AFGE Local 1206 filed a grievance on the member’s behalf, alleging that the VA had violated its own handbook and policies, and AFGE Legal Rights Attorney Michael Pazder represented the case at arbitration. The VA Handbook says a director’s decision on a promotion following Board action is final, so HR did not have the right to reverse the decision since it was never brought back to the Board or the director for reconsideration. VA policy also makes clear that Hybrid Title 38 employees can be promoted beyond the full performance level of their position based on their qualifications and experience if so determined by the Board, as was the case here.
The agency refused to correct this when notified, claiming the Board had erred in approving the promotion and that processing an allegedly unwarranted promotion would “unjustly enrich” the employee. Testimony at the hearing revealed that HR personnel, and the director who now said his decision was incorrect even though he never formally reversed it, have an astonishing lack of knowledge of VA policies and how promotions are supposed to work for Hybrid Title 38 employees vs. Title 5 employees.
The employee will be retroactively promoted with back pay, including any subsequent step increases she would have received had the promotion been implemented at the time.

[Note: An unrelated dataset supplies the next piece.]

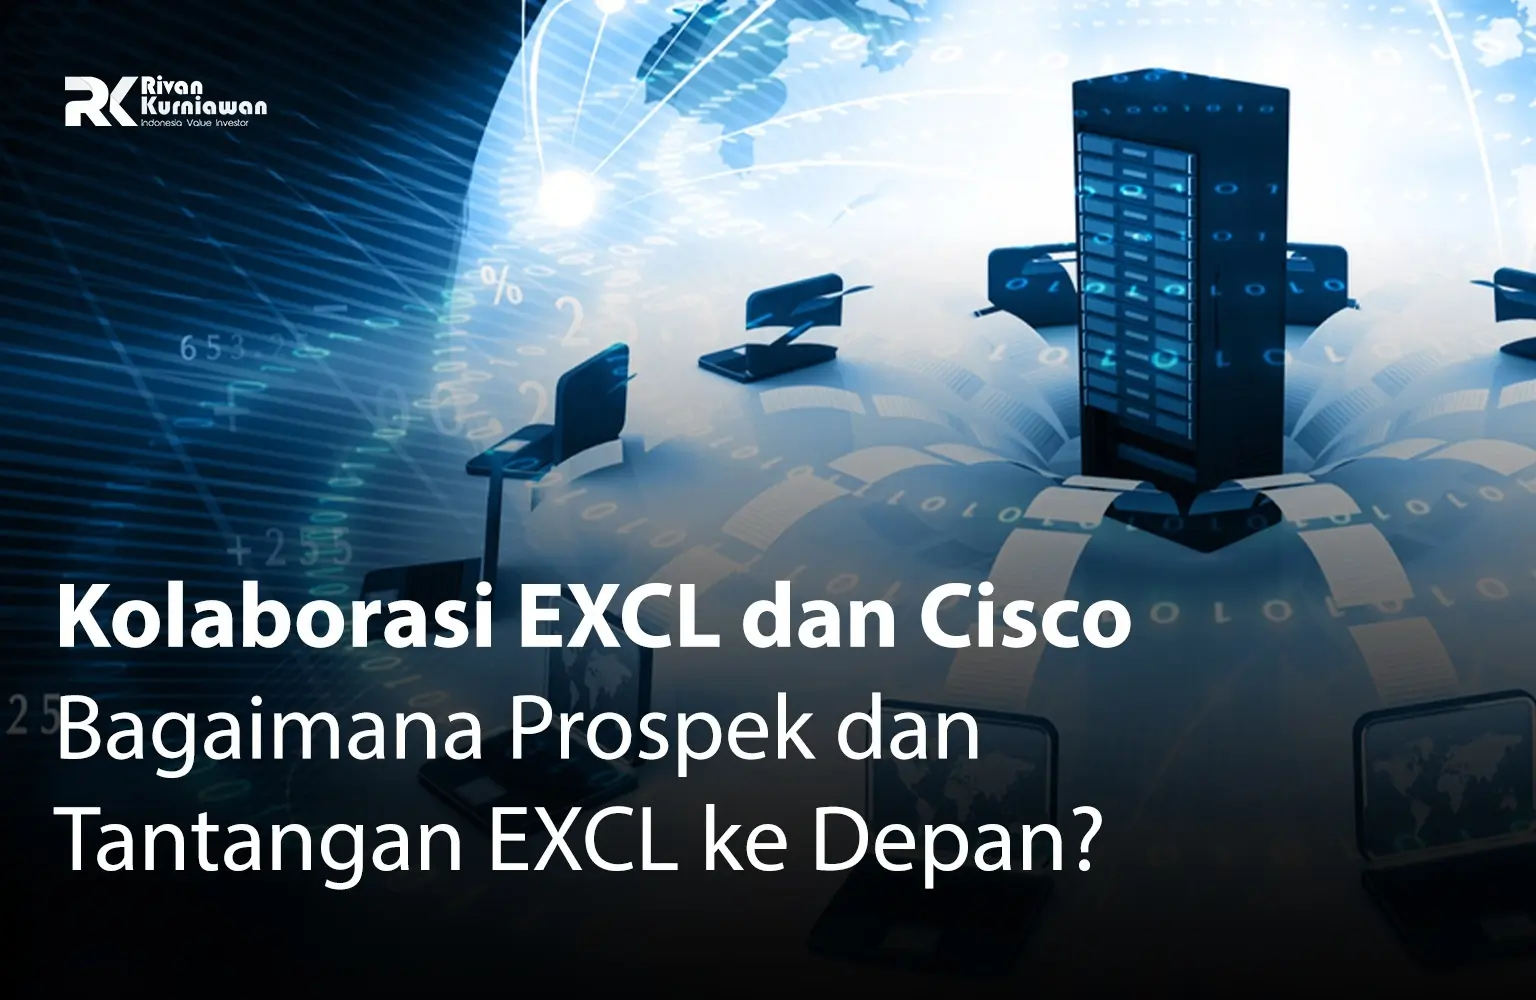 Kolaborasi-EXCL-dan-Cisco
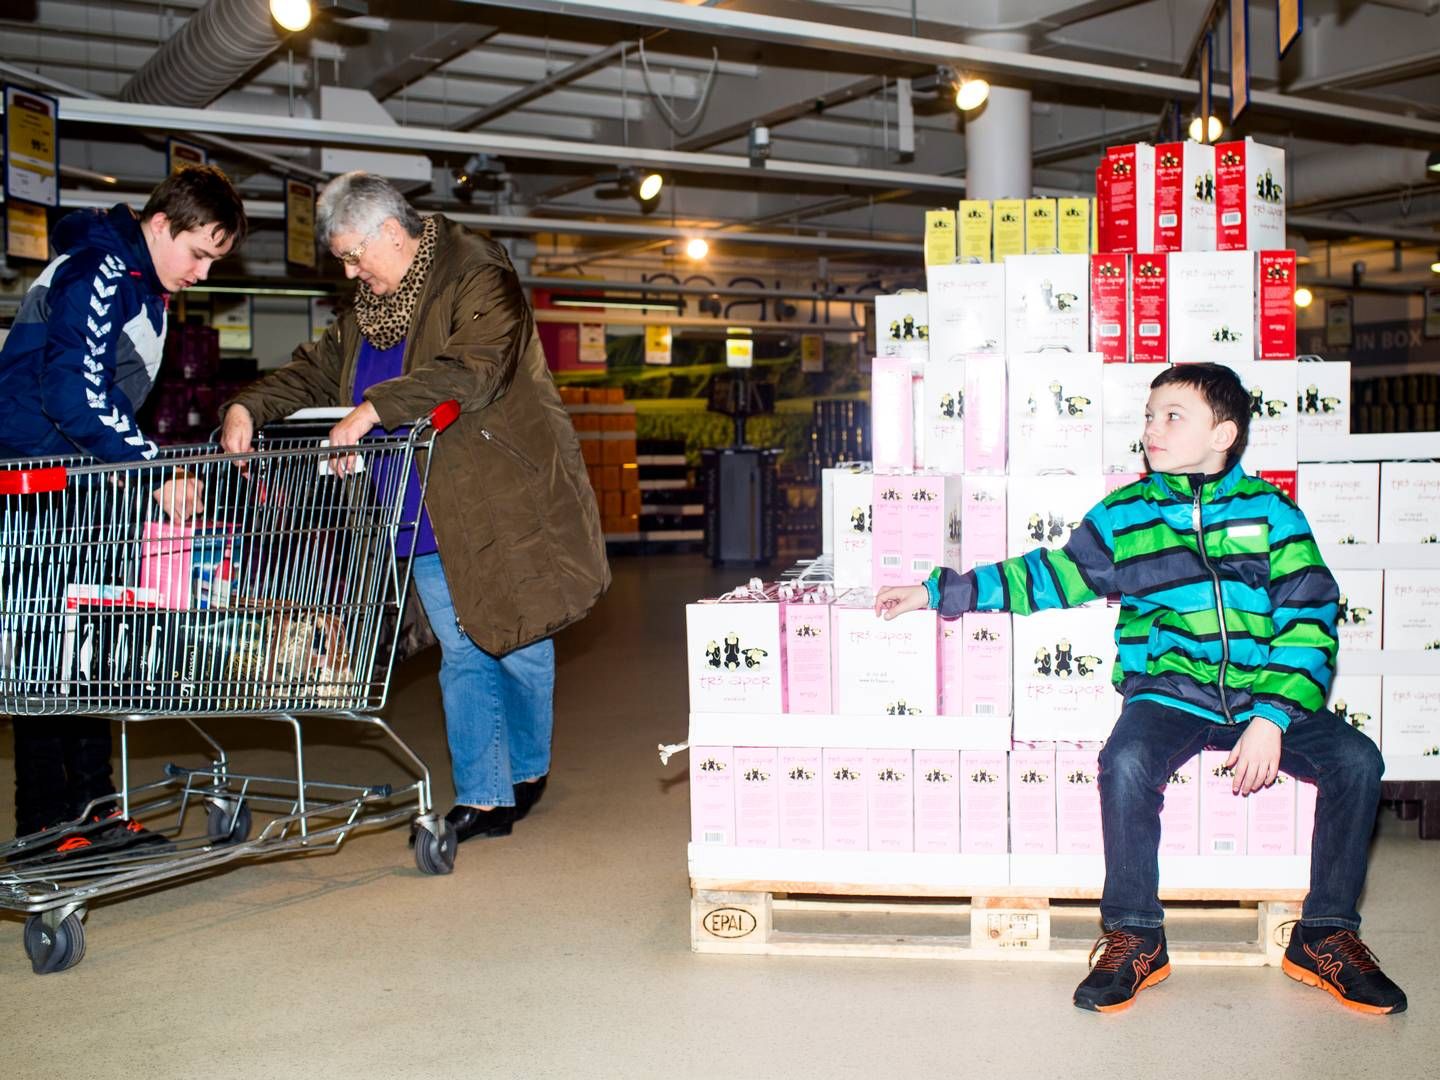 Mange nordmænd strømmer til Sverige for at købe billigere varer. (Arkivfoto). | Foto: Janus Engel

BOP FAILURE TO FILL MISSION CRITICIAL POSTS VIOLATES MASTER AGREEMENT
The Bureau of Prisons Federal Correctional Institution in Talladega, Ala., improperly vacated mission critical posts in violation of the Master Agreement between the agency and AFGE, an arbitrator has ruled.
Between 2004 and 2005, BOP instituted the “Mission Critical Roster” program, under which prisons were supposed to place posts on the roster only if they were mission critical. This resulted in a substantial reduction in the number of staffed posts at various prisons. However, even with this reduced number of posts, BOP regularly failed to fill mission critical posts at various facilities, including FCI Talladega.
Local 3844 believed the prison was penny pinching and didn’t want to pay Correctional Officers overtime to fill the positions. The Local filed a grievance, arguing that the failure to fill a mission critical post without good cause violated Article 27 of the Master Agreement, which requires BOP to reduce the inherent hazards of a correctional environment to the lowest level possible without relinquishing any management rights.
AFGE Assistant General Counsel Matthew Milledge represented the Local at the arbitration hearing, where the agency raised a number of procedural and substantive arguments that were struck down by the arbitrator. The arbitrator agreed with AFGE’s argument that Article 27 prevents the BOP from vacating posts without good cause and found that none existed. The arbitrator ordered the agency to pay overtime to any employee who would have received it but for the agency’s violation of the Master Agreement.
D.C. EMPLOYEE WINS REINSTATEMENT, BACK PAY AFTER WRONGFUL REMOVAL
A D.C. Department of Consumer and Regulatory Affairs employee who had been removed without just cause in 2007 finally has been reinstated with full back pay and other entitlements, thanks to dedicated representation of AFGE Assistant General Counsel Leisha Self. An arbitrator in 2009 ruled that the employee, a member of AFGE Local 2725, had been removed improperly but left the remedy up to both parties to settle. DCRA appealed the case at this point, resulting in a long delay for the employee for a remedy.
The agency refused to settle on remedy even after it lost its appeal, so the case was returned to the arbitrator, who ordered the employee reinstated with all of the back pay and benefits requested – including authorizing the employee to use his substantial accrued annual leave without forfeiture. In addition, the arbitrator awarded attorney’s fees of $87,531, plus the amount that AFGE expended on the post-arbitration remedy reply.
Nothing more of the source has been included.